When Vitor Belfort broke his left hand in training a couple of weeks ago, that scuttled weeks of hype on Brazil's first season of The Ultimate Fighter, as Belfort was scheduled to fight opposing coach Wanderlei Silva. "The Axe Murderer" now will face Rich Franklin. Not exactly a scintillatingly climactic finale for the event a couple hundred miles north of Rio de Janeiro. But it was the closest thing to lemonade that the UFC could concoct when its top-of-the-card bout turned out to be a lemon.
So in case you're scoring at home, that's UFCs 147, 148 and 149, all with second-try main events. Will someone please pack a roll of bubblewrap around lightweight titlist Benson Henderson and ex-champ Frankie Edgar, protecting the headliners of UFC 150 until they arrive in Denver in mid-August?

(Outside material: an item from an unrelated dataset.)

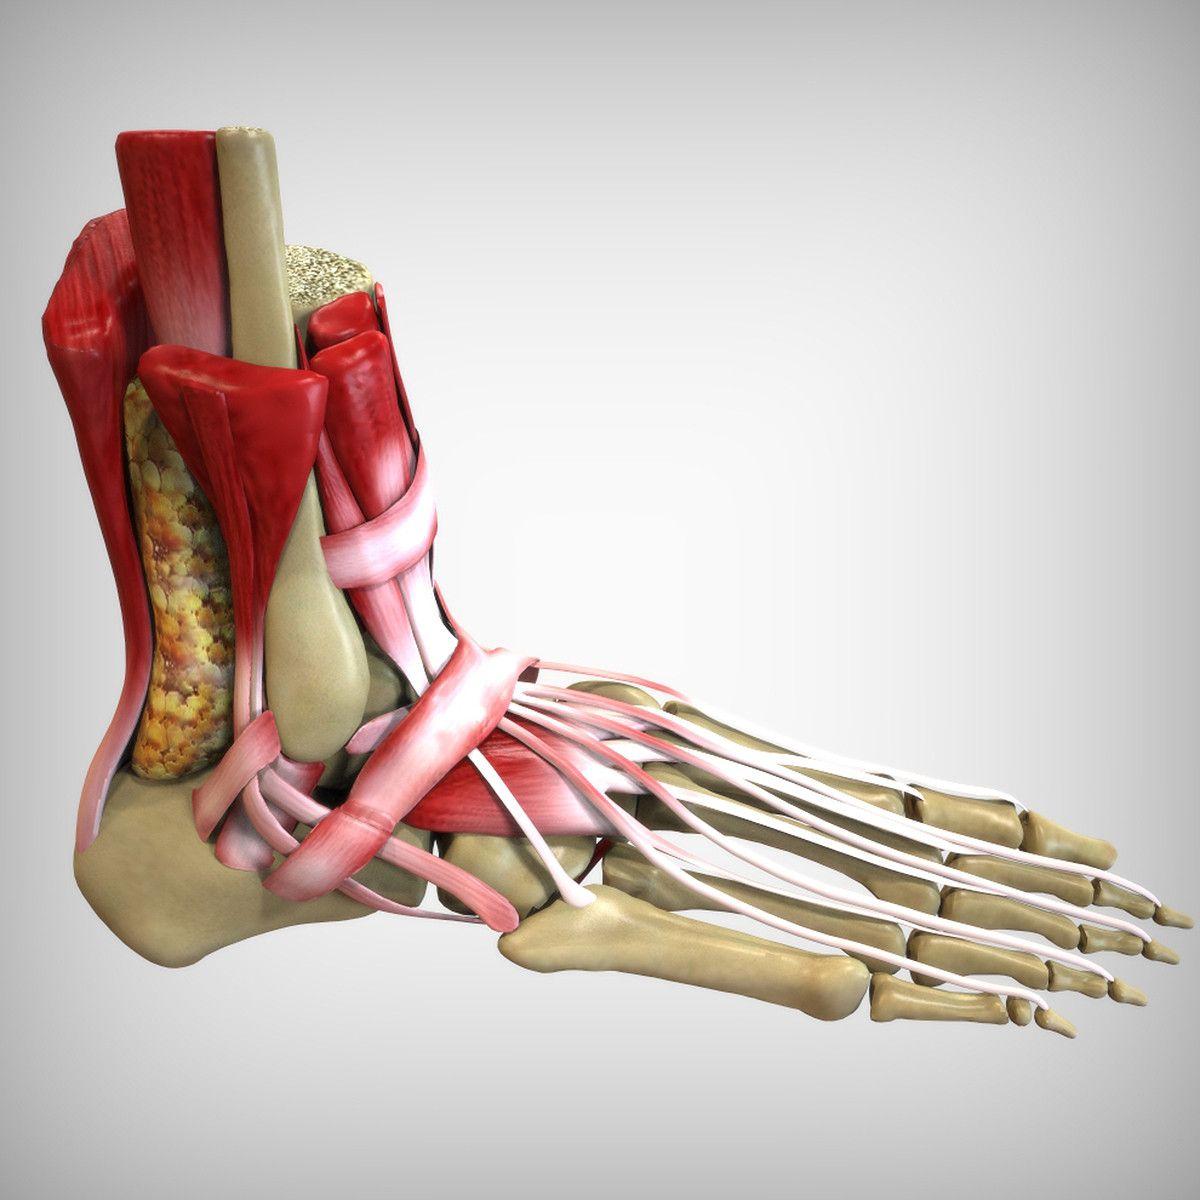 human foot anatomy 3d model   3d printing   Pinterest

If your response to that cartoonish image is to say injuries are nothing to make light of, I'll simply point out that I'm approaching this matter in the spirit of Dana White.
"I got guys dropping like rocks," the UFC president said Friday night in an interview on Fuel TV following the UFC on FX telecast, his face lit up by a smile that clearly demonstrated the man has an appreciation for black humor. "People are getting injured left and -- probably three guys injured while we're sitting here doing this interview."
If only White knew how prophetic his words would prove to be. He was speaking a short time before he learned of the Aldo injury.
How does White find humor in his company's ongoing quandary? "I'm numb to it now," he said later in the interview. "Last year, when the stuff started happening, it was devastating. Now I've chalked it up to this is part of the business."
Injuries happen in every sport, even in practice. If hundreds of wide receivers run thousands of pass routes in training camps across the NFL, the odds are that a few will twist an ankle or blow out a knee or Achilles. It happens even though the object of football has nothing to do with putting ankles and knees at risk. When the Yankees lost Mariano Rivera for the season to a torn ACL and meniscus, the future Hall of Fame closer wasn't anywhere near a pitching mound. He was shagging flies during batting practice. Those are the breaks of the game.
In MMA, injuries are even more of an occupational hazard. We've yet to hear any details on the circumstances surrounding Vitor Belfort's broken hand, but it's safe to assume he didn't hurt it while catching a baseball. He probably was punching someone or something, or blocking a training partner's strike. And why wouldn't he be doing that? To get better at what you do for a living, you've got to practice.
Dana White gets that. He understands more than most that there's big money at stake in today's UFC, and that athletes who've made it to that elite level cannot survive by slackening off in training. He grasps that the company he's helped build is a repository for dreams and ambitions and legacies and futures. The UFC poobah knows that habits formed in practice will show themselves on fight night. He understands that fighters are going to fight.
But he wishes his fighters would take it easy just a little. As White explained during the interview with Fuel TV, "I think what's happening, too -- and me and [matchmaker] Joe Silva were talking about this tonight -- you have so many talented guys out there now all in the same camp, going at it like they're fighting for the title. These guys need to tone it down in training a bit and stop hurting each other."
That's a tough thing to ask a guy who's in the hurting business.